Alaska baked, Detroit froze, and England flooded this past winter, which was one of the coldest on record in the American Midwest. Meanwhile western states, notably drought-stricken California, saw record warmth.
Shivering or sodden people had to endure not only the unusual winter but also repeated references from meteorologists to the polar vortex—a
frigid low-pressure system that caps the Arctic and is normally
contained there by the polar jet stream. Last winter that ring of
high-speed winds developed pronounced north-south meanders, allowing
Arctic air to flow deep into the United States. (See "What Is the Polar Vortex?")
According
to one theory, endorsed this year by White House science adviser John
Holdren and some other scientists, the change in the jet stream—and the
rotten winter—were ultimately triggered by the warming of the Arctic and
the melting of sea ice there. But climate expert Tim Palmer
of the University of Oxford says the culprit was the western Pacific
Ocean: "What goes on in the tropical Pacific Ocean is of almost global
impact."
Compared with the Arctic theory, Palmer's analysis has an upside: It foresees fewer repeats of last winter in our future.
Thunderstorms and Typhoons
Here
is Palmer's explanation in a nutshell. During this past winter
abnormally warm Pacific Ocean waters stretched roughly from Fiji to
Indonesia. They spawned tremendous thunderstorms—and it was the energy
of those storms, reaching high into the atmosphere, that rerouted the
jet stream.

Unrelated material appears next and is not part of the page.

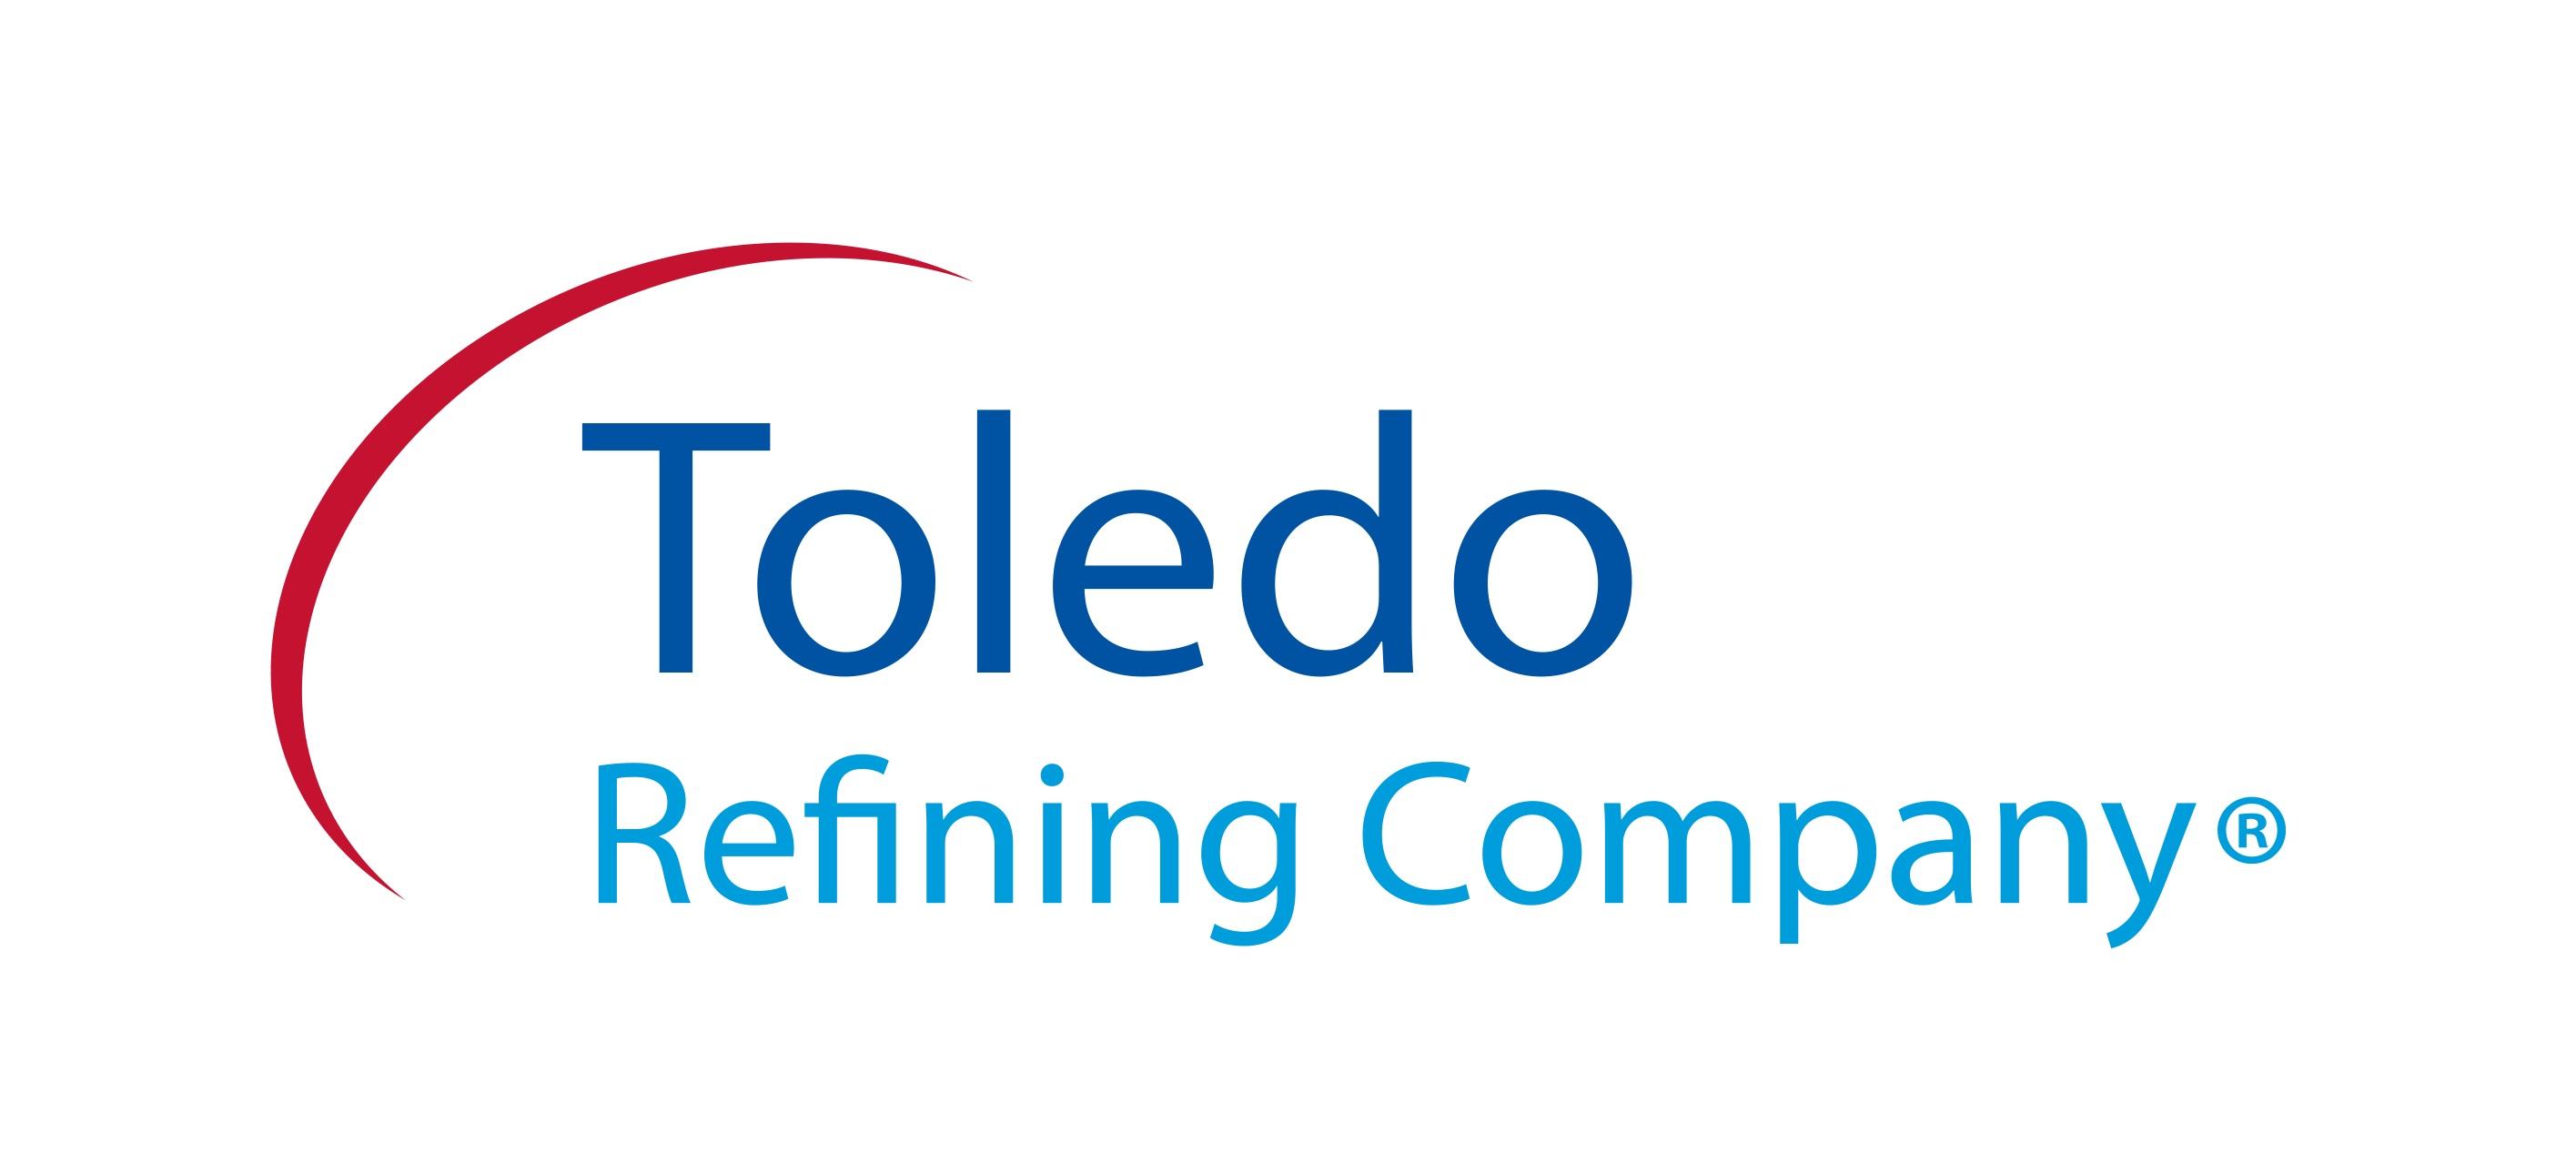 Toledo Refining Company

The loopy jet stream sent warm air north toward Alaska and
allowed cold air to drop south and freeze the rest of the continent.
Those same warm waters help explain the power of supertyphoon Haiyan, which devastated the Philippines in November. And they're the precursor of what's now forecast to be a large El Niño event later this year.
During an El Niño, warm water that's been pushed into the western
Pacific by the trade winds comes sloshing back east along the Equator.
Palmer's hypothesis is attracting both endorsement and criticism from other climate scientists.
"I think it is basically right," says climate data expert Kevin Trenberth
of the National Center for Atmospheric Research in Boulder, Colorado.
Last winter the tropical Pacific saw "incredible amounts of rain," he
says, "which likely played a role in setting up the [jet stream] wave
patterns across North America."
Mark Serreze, director of the National Snow and Ice Data Center
(NSIDC) at the University of Colorado Boulder, agrees. "There is strong
evidence of links between the behavior of the jet stream and
sea-surface temperature in the tropical Pacific," he says, "compared
with much more speculative links with Arctic warming."
The
Arctic camp is less impressed with Palmer's paper. "I think it proposes
a new mechanism, but there is still a long way to prove the argument,"
says climate scientist Qiuhong Tang
of the Chinese Academy of Sciences in Bejing. "I can hardly find any
observation-based evidence in the essay which can support the argument."
Tang and some other scientists, notably Jennifer Francis
of Rutgers University, have argued that the warming Arctic and
shrinking sea ice have diminished the north-south temperature contrast
that drives the jet stream, robbing it of the energy that normally keeps
it tightly routed around the Poles.
But, says climate scientist Katharine Hayhoe of Texas Tech University in Lubbock, "the two ideas are not necessarily competitors. They may be complementary."
Global Weirding
In
Palmer's view, the past wild winter can be attributed to natural
climate variability amplified by man-made climate change. A warm pool in
the western Pacific is a natural phenomenon, he says, but global
warming kicked the sea-surface temperature up a notch.
"Even a tenth-of-a-degree temperature change in tropical waters can have tremendous weather effects," he adds. (Related: "U.S. Cold Snap Inspires Climate Change Denial, While Scientists See Little Room for Doubt.")
Other scientists remain cautious. "The link to global warming is not obvious to me," says climatologist Gavin Schmidt of NASA's Goddard Institute for Space Studies in New York.
The
Arctic explanation for the weird winter points the finger more directly
at man-made climate change—and if it's right, we should expect a string
of such winters in the future. But we should see fewer of them if
Palmer is right that the weirdness came primarily from an abnormally
warm western Pacific. Next winter will test his idea: With an El Niño
likely on the way, it should be a bit more normal than the last one.